Collection entries
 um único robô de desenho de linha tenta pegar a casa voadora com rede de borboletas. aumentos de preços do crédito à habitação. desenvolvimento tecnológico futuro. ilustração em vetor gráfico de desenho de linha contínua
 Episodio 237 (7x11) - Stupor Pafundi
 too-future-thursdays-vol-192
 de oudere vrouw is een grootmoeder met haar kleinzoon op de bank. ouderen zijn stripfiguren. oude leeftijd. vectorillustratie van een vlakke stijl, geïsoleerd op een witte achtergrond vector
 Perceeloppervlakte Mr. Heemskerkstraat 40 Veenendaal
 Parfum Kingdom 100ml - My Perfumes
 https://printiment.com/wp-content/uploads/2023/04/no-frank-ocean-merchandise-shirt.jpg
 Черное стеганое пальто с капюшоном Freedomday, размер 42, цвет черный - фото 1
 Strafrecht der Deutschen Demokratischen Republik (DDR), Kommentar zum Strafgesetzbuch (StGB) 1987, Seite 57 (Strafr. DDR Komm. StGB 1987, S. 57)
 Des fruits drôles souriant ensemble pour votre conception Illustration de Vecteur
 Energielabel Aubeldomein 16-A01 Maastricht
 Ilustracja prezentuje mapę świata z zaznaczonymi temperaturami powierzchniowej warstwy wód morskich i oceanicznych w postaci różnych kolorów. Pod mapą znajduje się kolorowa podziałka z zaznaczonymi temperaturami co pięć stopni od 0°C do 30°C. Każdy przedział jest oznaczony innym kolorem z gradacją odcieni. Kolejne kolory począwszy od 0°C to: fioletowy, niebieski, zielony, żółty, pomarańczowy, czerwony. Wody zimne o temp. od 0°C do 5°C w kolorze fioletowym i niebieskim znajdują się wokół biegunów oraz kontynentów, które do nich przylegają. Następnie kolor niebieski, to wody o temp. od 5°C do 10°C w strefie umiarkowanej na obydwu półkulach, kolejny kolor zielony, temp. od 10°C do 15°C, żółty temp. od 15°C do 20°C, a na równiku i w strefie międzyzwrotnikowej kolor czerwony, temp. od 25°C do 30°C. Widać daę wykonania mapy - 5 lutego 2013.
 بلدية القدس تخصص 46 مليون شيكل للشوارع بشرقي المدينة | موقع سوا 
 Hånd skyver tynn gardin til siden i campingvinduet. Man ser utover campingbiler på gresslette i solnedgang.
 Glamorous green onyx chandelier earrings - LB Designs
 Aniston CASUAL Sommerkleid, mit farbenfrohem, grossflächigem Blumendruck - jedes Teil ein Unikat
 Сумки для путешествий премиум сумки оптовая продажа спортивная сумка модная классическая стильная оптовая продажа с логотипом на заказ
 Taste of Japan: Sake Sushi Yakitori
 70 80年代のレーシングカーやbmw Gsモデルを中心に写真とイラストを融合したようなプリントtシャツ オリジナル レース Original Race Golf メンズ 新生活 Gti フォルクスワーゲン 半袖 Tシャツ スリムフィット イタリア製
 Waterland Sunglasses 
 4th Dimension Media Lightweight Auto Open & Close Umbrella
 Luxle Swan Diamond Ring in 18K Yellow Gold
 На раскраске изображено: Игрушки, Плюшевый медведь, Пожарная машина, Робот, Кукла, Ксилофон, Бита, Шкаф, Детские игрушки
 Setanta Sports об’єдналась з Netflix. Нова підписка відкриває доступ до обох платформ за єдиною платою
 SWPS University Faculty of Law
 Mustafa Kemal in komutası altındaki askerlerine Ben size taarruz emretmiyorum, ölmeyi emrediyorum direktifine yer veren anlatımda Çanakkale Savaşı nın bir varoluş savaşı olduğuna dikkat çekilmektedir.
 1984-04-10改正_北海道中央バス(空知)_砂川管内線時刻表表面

Exercise brief: Restate each line of the records above without any deviation.

Solution below:
 um único robô de desenho de linha tenta pegar a casa voadora com rede de borboletas. aumentos de preços do crédito à habitação. desenvolvimento tecnológico futuro. ilustração em vetor gráfico de desenho de linha contínua
 Episodio 237 (7x11) - Stupor Pafundi
 too-future-thursdays-vol-192
 de oudere vrouw is een grootmoeder met haar kleinzoon op de bank. ouderen zijn stripfiguren. oude leeftijd. vectorillustratie van een vlakke stijl, geïsoleerd op een witte achtergrond vector
 Perceeloppervlakte Mr. Heemskerkstraat 40 Veenendaal
 Parfum Kingdom 100ml - My Perfumes
 https://printiment.com/wp-content/uploads/2023/04/no-frank-ocean-merchandise-shirt.jpg
 Черное стеганое пальто с капюшоном Freedomday, размер 42, цвет черный - фото 1
 Strafrecht der Deutschen Demokratischen Republik (DDR), Kommentar zum Strafgesetzbuch (StGB) 1987, Seite 57 (Strafr. DDR Komm. StGB 1987, S. 57)
 Des fruits drôles souriant ensemble pour votre conception Illustration de Vecteur
 Energielabel Aubeldomein 16-A01 Maastricht
 Ilustracja prezentuje mapę świata z zaznaczonymi temperaturami powierzchniowej warstwy wód morskich i oceanicznych w postaci różnych kolorów. Pod mapą znajduje się kolorowa podziałka z zaznaczonymi temperaturami co pięć stopni od 0°C do 30°C. Każdy przedział jest oznaczony innym kolorem z gradacją odcieni. Kolejne kolory począwszy od 0°C to: fioletowy, niebieski, zielony, żółty, pomarańczowy, czerwony. Wody zimne o temp. od 0°C do 5°C w kolorze fioletowym i niebieskim znajdują się wokół biegunów oraz kontynentów, które do nich przylegają. Następnie kolor niebieski, to wody o temp. od 5°C do 10°C w strefie umiarkowanej na obydwu półkulach, kolejny kolor zielony, temp. od 10°C do 15°C, żółty temp. od 15°C do 20°C, a na równiku i w strefie międzyzwrotnikowej kolor czerwony, temp. od 25°C do 30°C. Widać daę wykonania mapy - 5 lutego 2013.
 بلدية القدس تخصص 46 مليون شيكل للشوارع بشرقي المدينة | موقع سوا 
 Hånd skyver tynn gardin til siden i campingvinduet. Man ser utover campingbiler på gresslette i solnedgang.
 Glamorous green onyx chandelier earrings - LB Designs
 Aniston CASUAL Sommerkleid, mit farbenfrohem, grossflächigem Blumendruck - jedes Teil ein Unikat
 Сумки для путешествий премиум сумки оптовая продажа спортивная сумка модная классическая стильная оптовая продажа с логотипом на заказ
 Taste of Japan: Sake Sushi Yakitori
 70 80年代のレーシングカーやbmw Gsモデルを中心に写真とイラストを融合したようなプリントtシャツ オリジナル レース Original Race Golf メンズ 新生活 Gti フォルクスワーゲン 半袖 Tシャツ スリムフィット イタリア製
 Waterland Sunglasses 
 4th Dimension Media Lightweight Auto Open & Close Umbrella
 Luxle Swan Diamond Ring in 18K Yellow Gold
 На раскраске изображено: Игрушки, Плюшевый медведь, Пожарная машина, Робот, Кукла, Ксилофон, Бита, Шкаф, Детские игрушки
 Setanta Sports об’єдналась з Netflix. Нова підписка відкриває доступ до обох платформ за єдиною платою
 SWPS University Faculty of Law
 Mustafa Kemal in komutası altındaki askerlerine Ben size taarruz emretmiyorum, ölmeyi emrediyorum direktifine yer veren anlatımda Çanakkale Savaşı nın bir varoluş savaşı olduğuna dikkat çekilmektedir.
 1984-04-10改正_北海道中央バス(空知)_砂川管内線時刻表表面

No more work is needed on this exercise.